Field on the other hand only asks us a simple question about multiple gazes and our reactions to unwavering attention, after the initial jolt there is not to much to be gained from it. Don’t assume I dismiss or dislike it, on the contrary I thought it very good of its kind. However for a work from the hand of a human to be at the absolute peak of possible achievement all aspects need to be present: skill, understanding, learning, dexterity, perceptiveness, intuition and restraint… to name but a few. Gormley has many of these but Velasquez has all of them which is why in my opinion Las Meninas towers above.

So,why bother? Well, because it is worthwhile of course!

I can only apologise for another dose of art theory… a few pictures to finish off.

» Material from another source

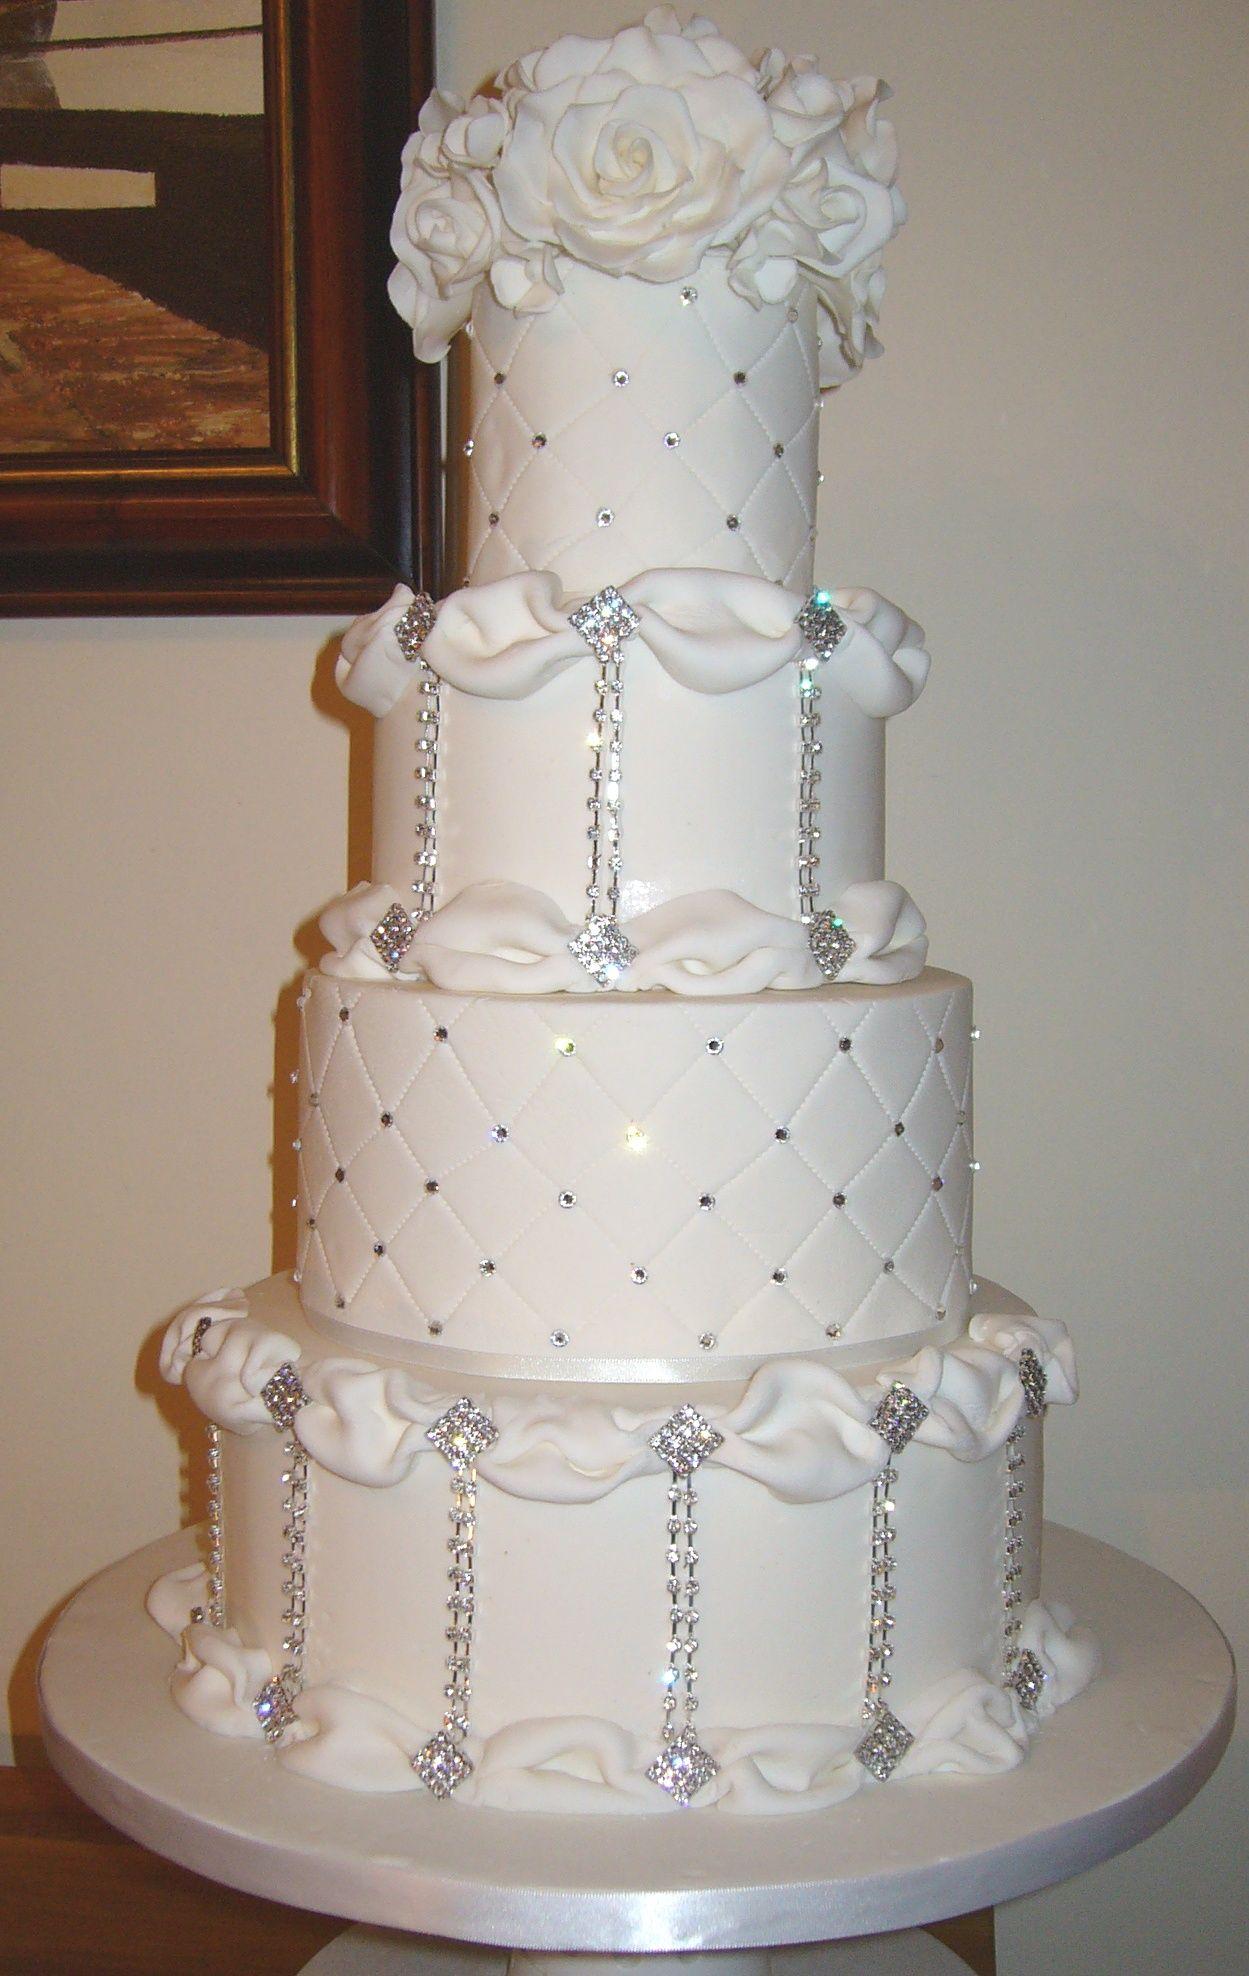 Four tier wedding cake with diamante and Swarovski

Dorset, watercolour, painting, Kington Magna

This is Al Saints Church in Kington Magna, parts of which date from Norman times. A great position over looking the Oxford plain. I am considering a figure approaching the lych gate but am wavering. Watercolour 9in by 15in.

 

Isleworth, Dutch barge, boat, river, thames, watercolour

This is a dutch barge hauled up at Isleworth in the early morning. I did a plein air to the left but as the tide retreated this better view came available. A studio picture from reference but the mood and light was taken from the plein air… which by the way I won’t post as it went pear shaped! Not all due to my incompetence though, I was using paper in an Arches block which is just horrible with all the washes drying dull and dead. This was done on purportedly identical paper from a roll. I would dispute this though. Here I lifted out by scrubbing with a bristle brush, on the block paper I attempted to lift out by gently using a sable and the paper surface broke up. I have complained to Canson but they have not replied as yet. 10in by 15in Watercolour.

 

Greenwich, London, St Alfege, church, pen drawing

I am hooked on the pen drawing at present. This is St Alfege in Greenwich a peaceful spot the tourists never seem to find.

 

Queens House, greenwich, london, pen drawing

Slightly out of order I did this earlier on the same day. It is great fun to try and get as much information from as few a strokes as possible. It is of the Queen’s House seen from Greenwich park.

 

Life drawing, nude

Some life work to finish off, I have been chopping and changing which media I use.

 

Life drawing, nude

One with a very small palette and brushed line. It is interesting how variations in media allow you to home in on different aspects of the pose.

 

Life drawing, nude

Pastel pencil, so good for expressing the subtle changes of tone.

 

Figure drawing

Nice to draw the clothed figure occasionally. I tried to keep this as simple as possible.

 

Life drawing, nude

Lovely light on the torso here, I was very much looking for the terminators between light and dark. Many artists love to accentuate these but I don’t like to over state them.

 

life drawing

Standing or stretched out poses are always I find the hardest. Due I think to the parts being harder to relate.

 

nude, life drawing

Lastly a quickie of 7min. If you catch it right these are always my favourites!